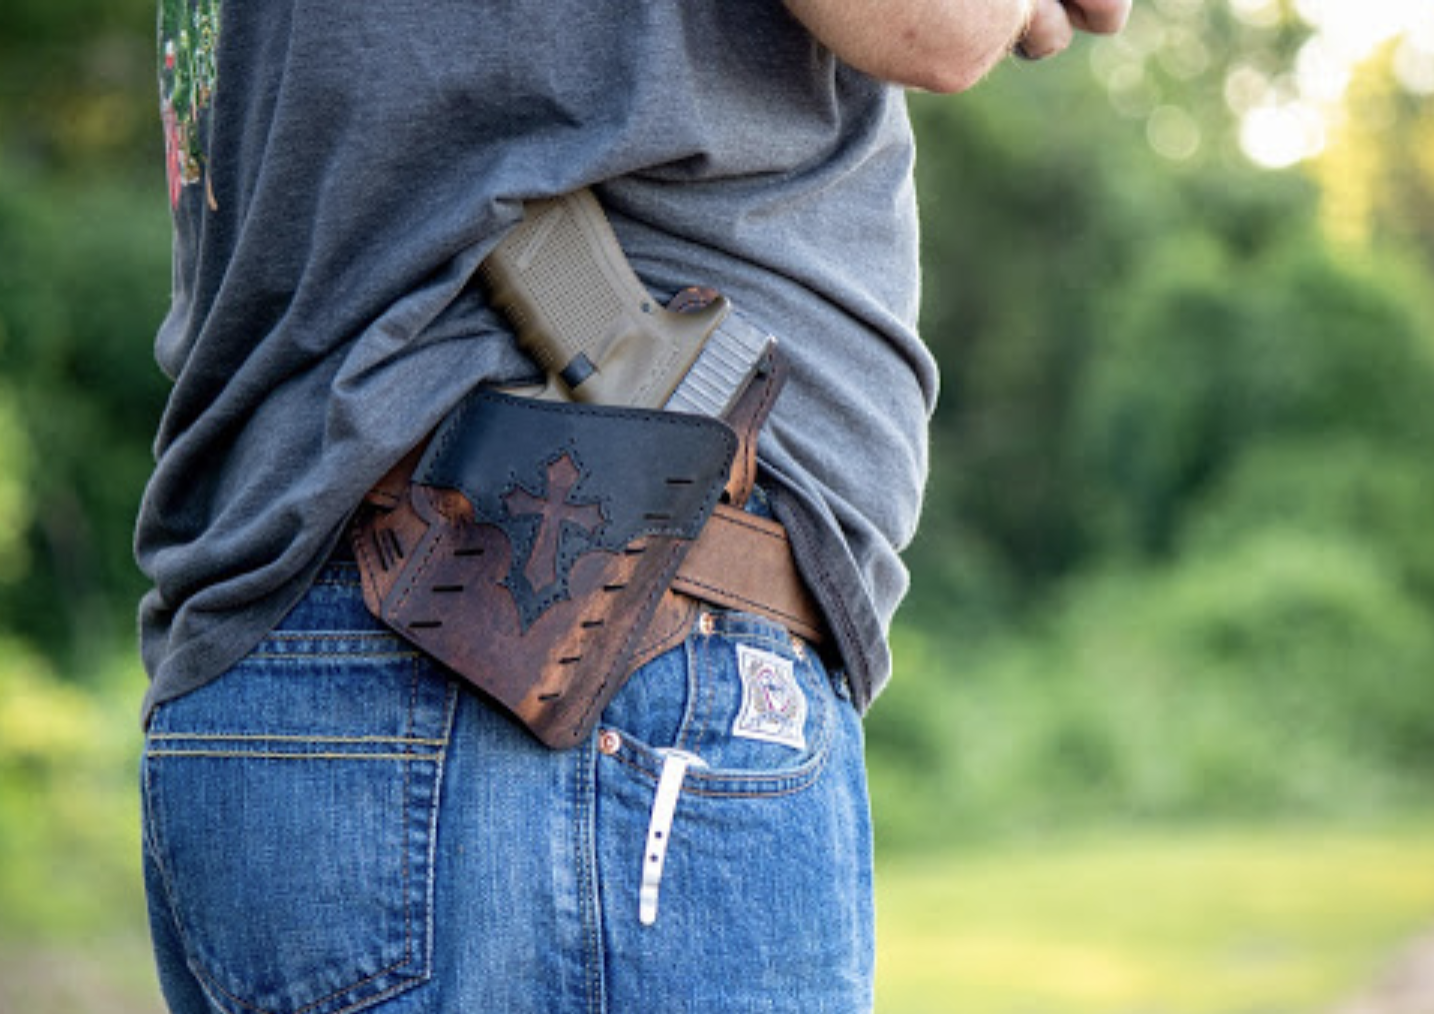 Buying a Holster
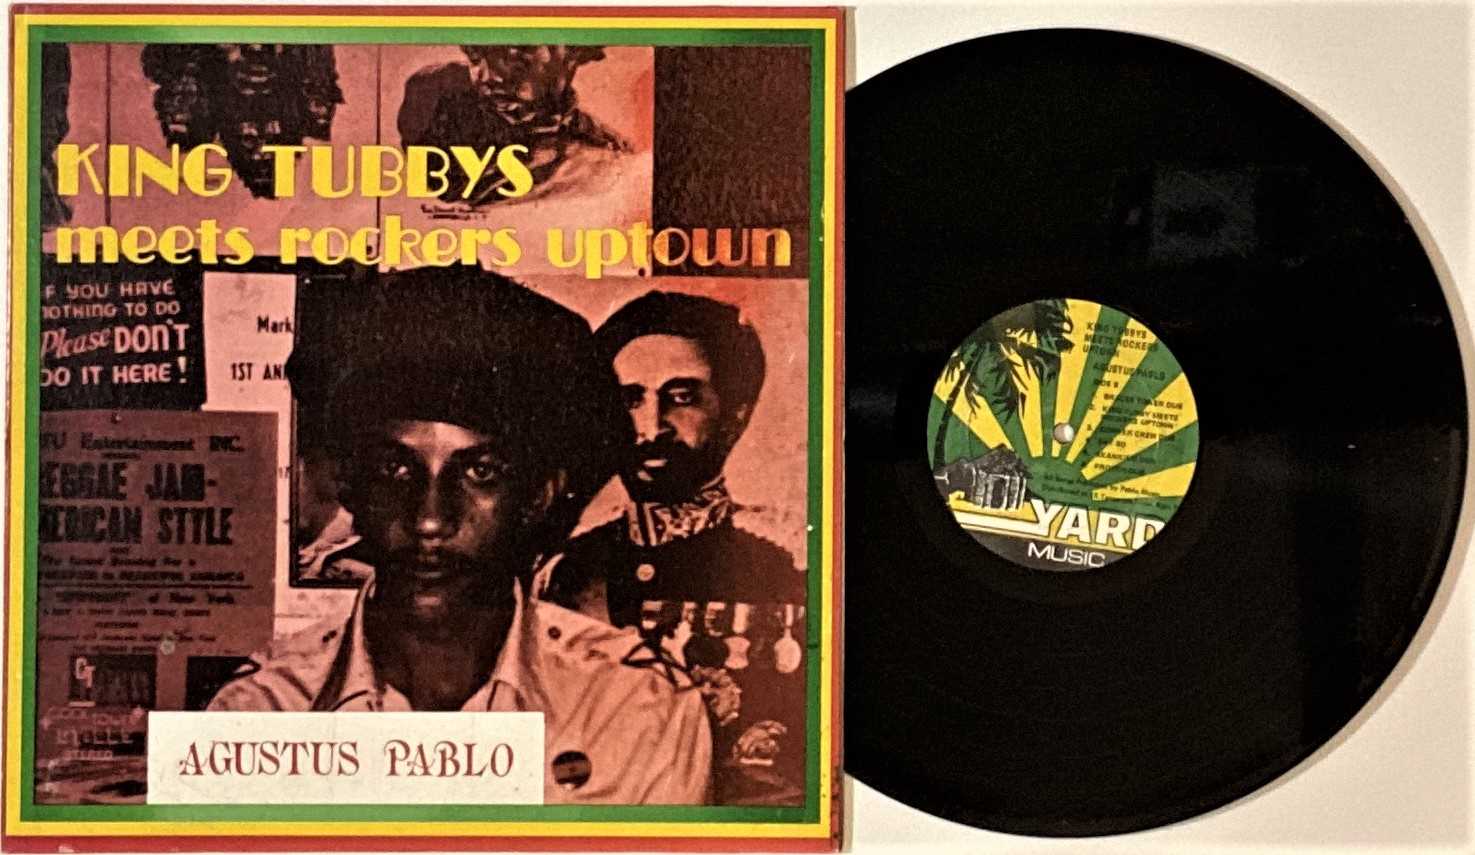 AUGUSTUS PABLO/KING TUBBY - LPs - Image 5 of 9
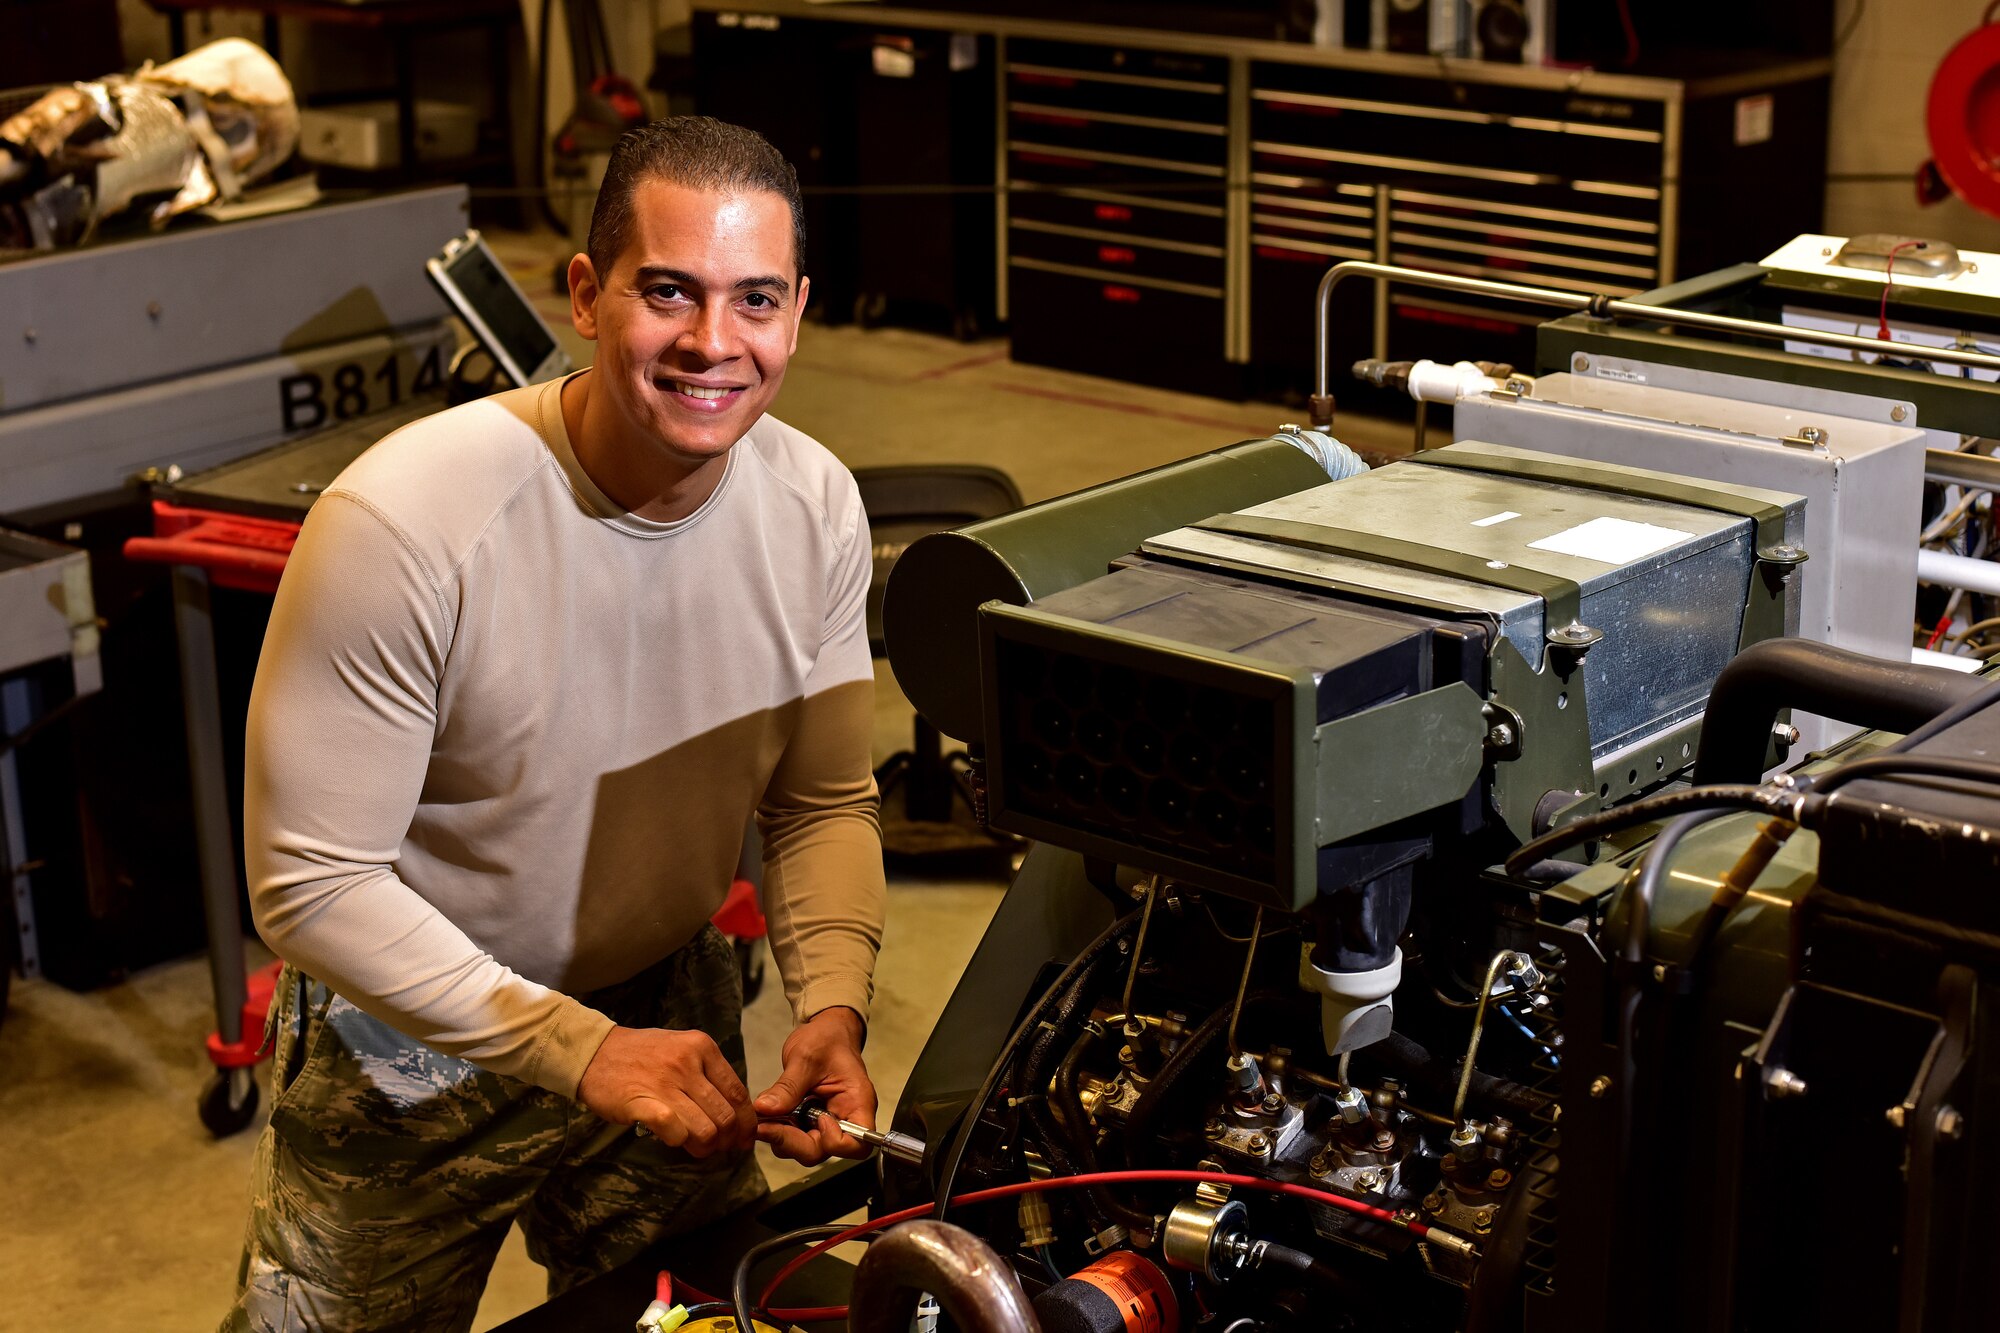 Man holding socket wrench working on equipment smiling at camera
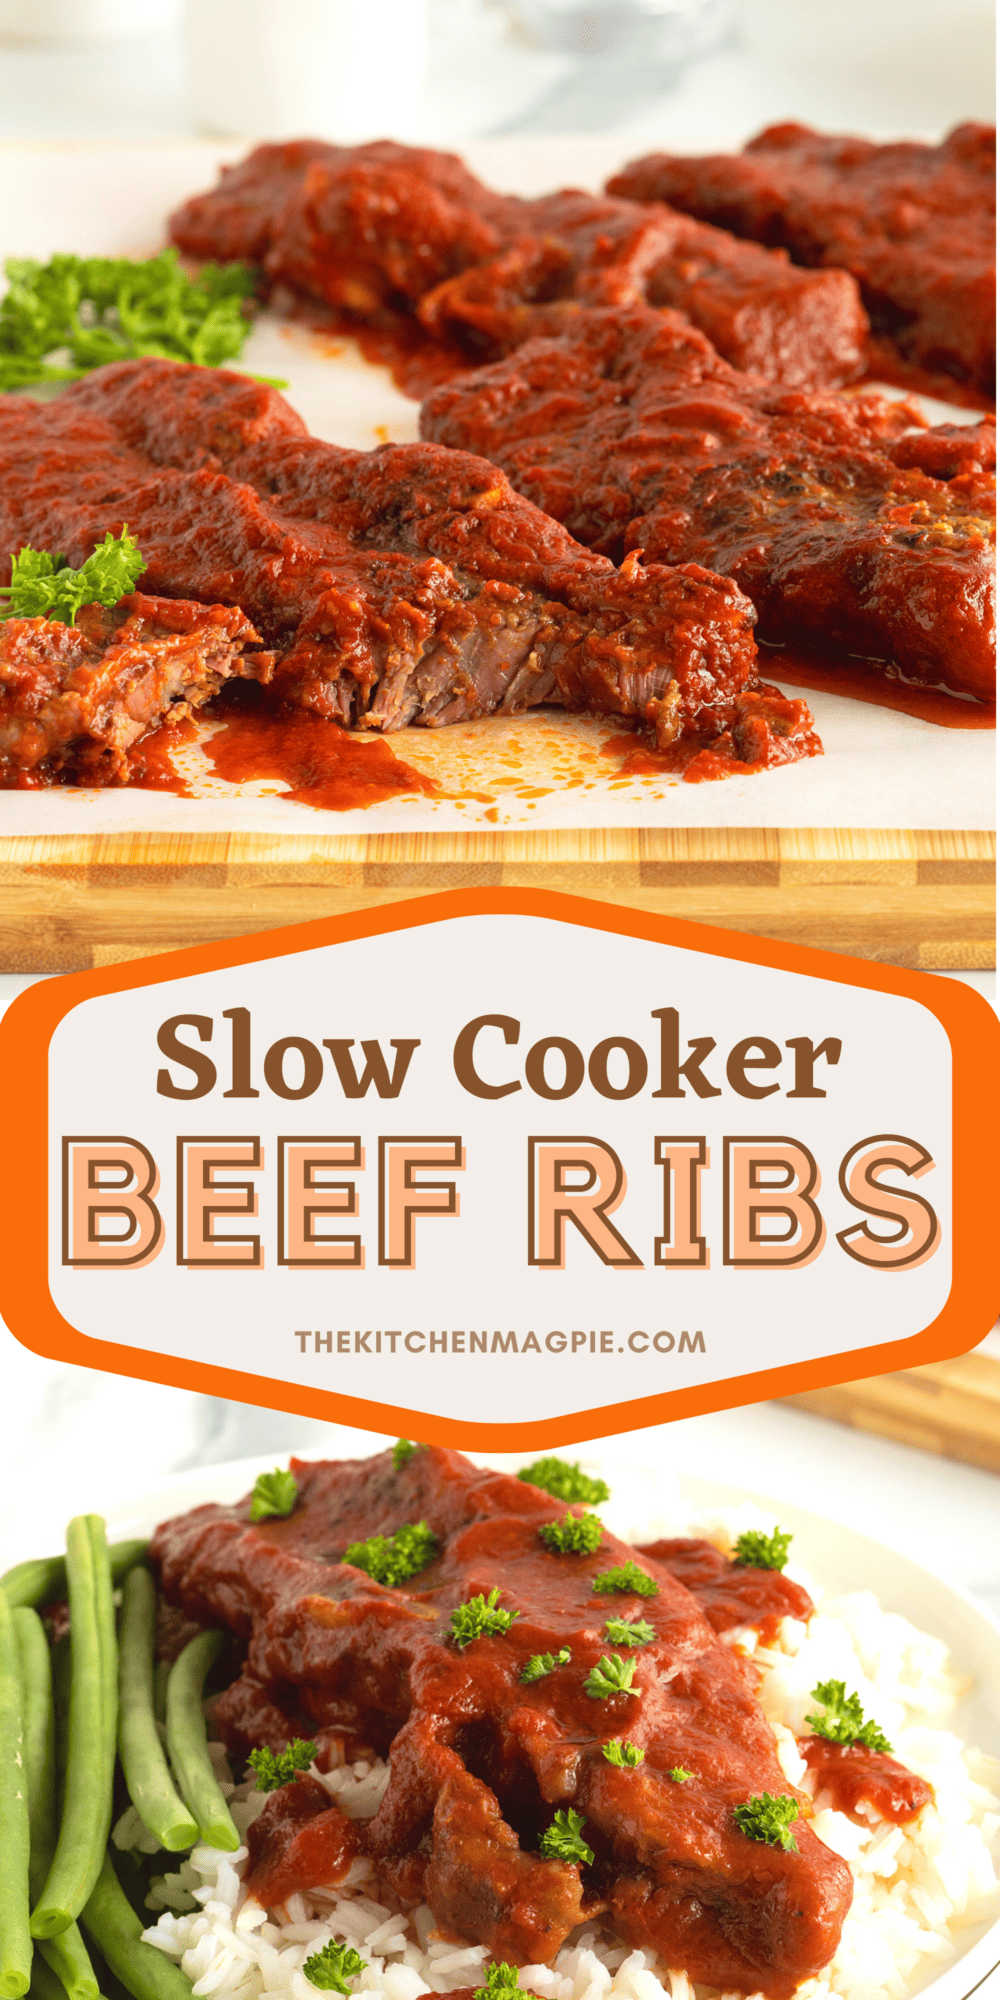  These slow cooker beef ribs are delicious, sweet  and easy cooked in the slow cooker!

■ Exercise goal ■
Reproduce the lines of the data that run from the one containing "AUGUSTUS PABLO/KING TUBBY" to the final line, both included, exactly as they appear and without the pictures.

■ Solved exercise ■
 AUGUSTUS PABLO/KING TUBBY - LPs - Image 5 of 9
 Man holding socket wrench working on equipment smiling at camera
  These slow cooker beef ribs are delicious, sweet  and easy cooked in the slow cooker!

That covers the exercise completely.